Dear Arpita of college days,
How are you? This is your older self writing to you. I know you would love if you could get to know what the future holds for you. So here I am, giving you a sneak-peek into the future. Maybe it will make your Saturday a little better.
The first thing that I want to tell you is life is going to look up in a few years, so CHILL! I know you avoid going on the random trips that your friends plan (this is not going to change that much that soon), and I respect you for doing it – for sacrificing the small joys in order to have a better future. But that said, I know the biggest thing that looms large on your mind is the student loans. You are worried how you will ever pay it back and how soon. You are a very driven individual. Once you have set your mind to do something, you do get it done – you just have to understand that.
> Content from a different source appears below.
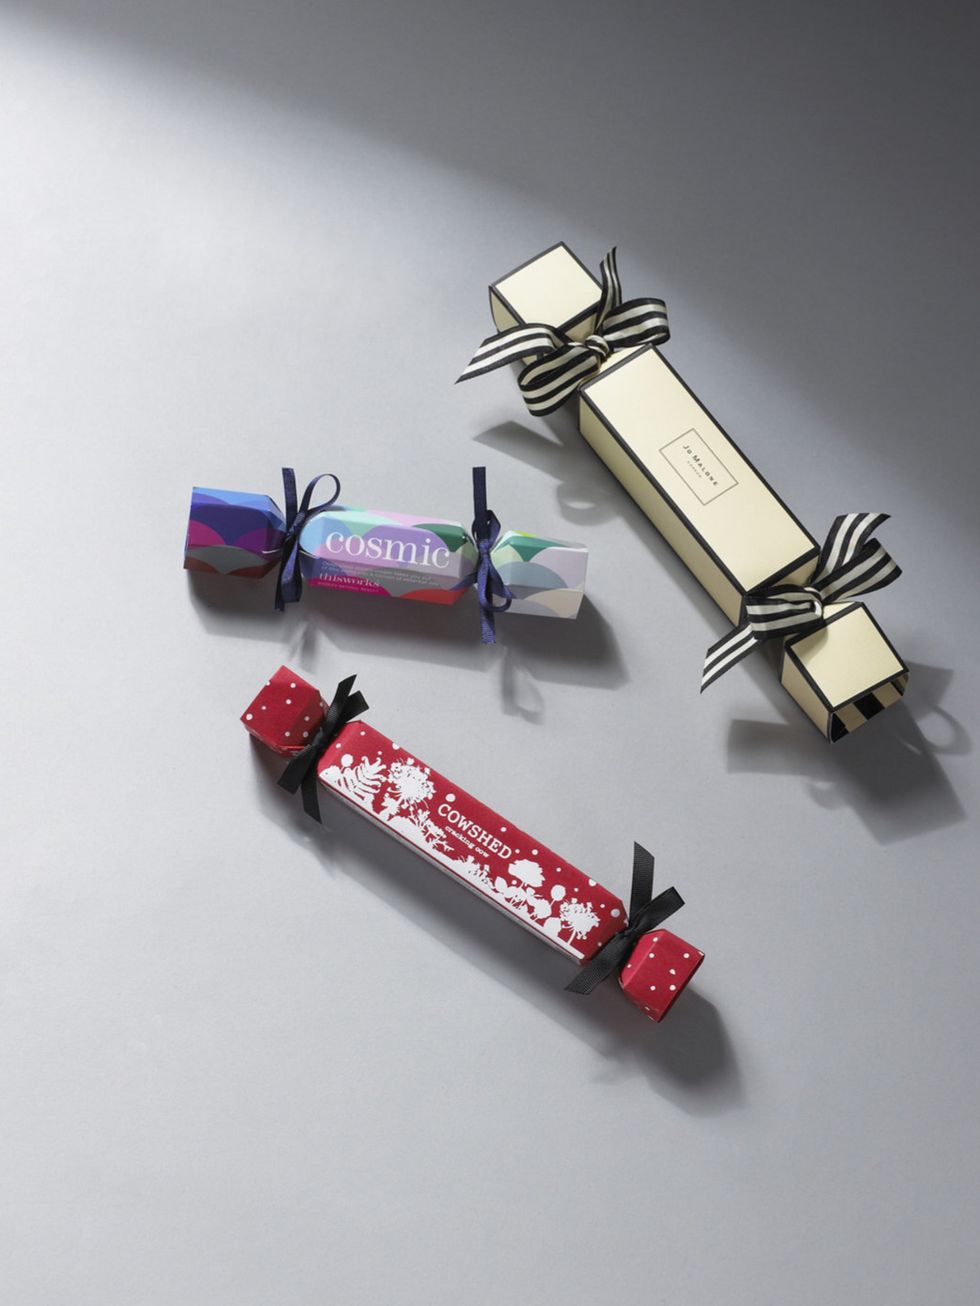 <p>Jo Malone, £30, Cow Shed, £10, this works cosmic crackers £9 will all be on Debbie Morgan's Christmas Dinner Table</p><p><a href="http://www.elleuk.com/promotion_old/cointreau3/simone-rocha-christmas-gift-guide">See what is on Simone Rocha's Christma

You’ll spend your early work years aggressively paying off the loan and it will be over soon, so there is no point in worrying about it now. It’s not like the loan will get paid if you worry over it! 😀
Okay, now that your biggest worry is off the table, let’s talk about the next big thing: your relationship. You have found support and love after a long time, and you need to cherish it. The thing about life is nothing is permanent. Things change, people change. The nagging thought that you have at the back of your mind: whether this relationship will work out to marriage – well, I don’t have a definite answer to that, but in all probability it won’t. But again, when it ends, you will find yourself much more mature and stronger to deal with it. You need to stop feeling like you don’t deserve any better, because you do. You’re beautiful even with the tiny white patches of vitiligo on your skin. When you meet the right man, it won’t stop him from loving you.
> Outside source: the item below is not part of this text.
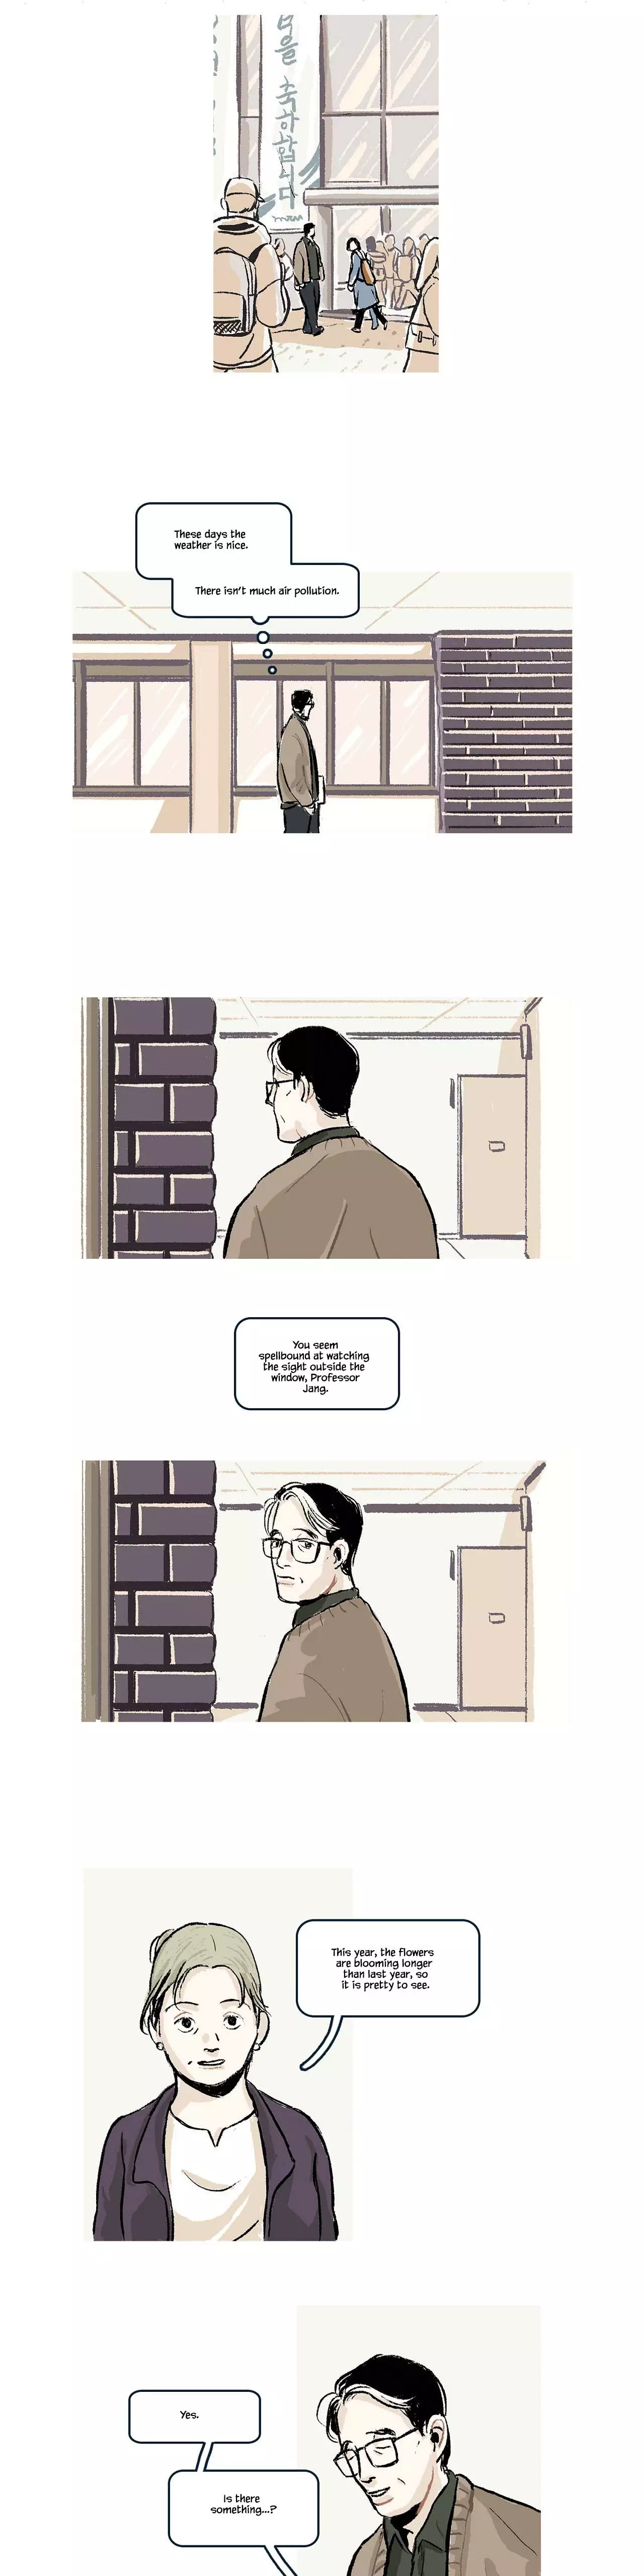 The Professor Who Reads Love Stories - 15 page 5-11497a72

I know you spend a lot of time being mad at your parents. Your sole complaint is why they can’t provide you the things that your friends’ parents are able to provide them. You hate that you don’t have as many nice clothes to wear, as much money to go out with your friends. Really, you need to give your parents a break. I am glad that you’ll eventually grow out of this mental frame and forgive your parents and feel bad for how you’ve treated them when you were feeling low. Not everyone is born with a silver spoon in their mouths. Some of us have to carve our own paths and build our own queendoms. Tell me, isn’t it cooler to buy that wrist watch with your own money rather than begging your parents for it? I know the self-respecting part of you says a big YES to this, but your only worry is whether you’ll be capable enough to actually buy it someday. Well, you will! And when you are, you’ll actually be thinking more about giving back to your family than your own fulfillment. Yes, you will be that person!
So relax a little, keep up that wide smile and walk a lot more on the peaceful roads of Salt Lake while you can. You’re going to miss it much.
A big thanks to you for reading this. I want you to know how grateful I am to you for being who you are: you have a good heart and a beautiful mind. I’m proud to be the older you!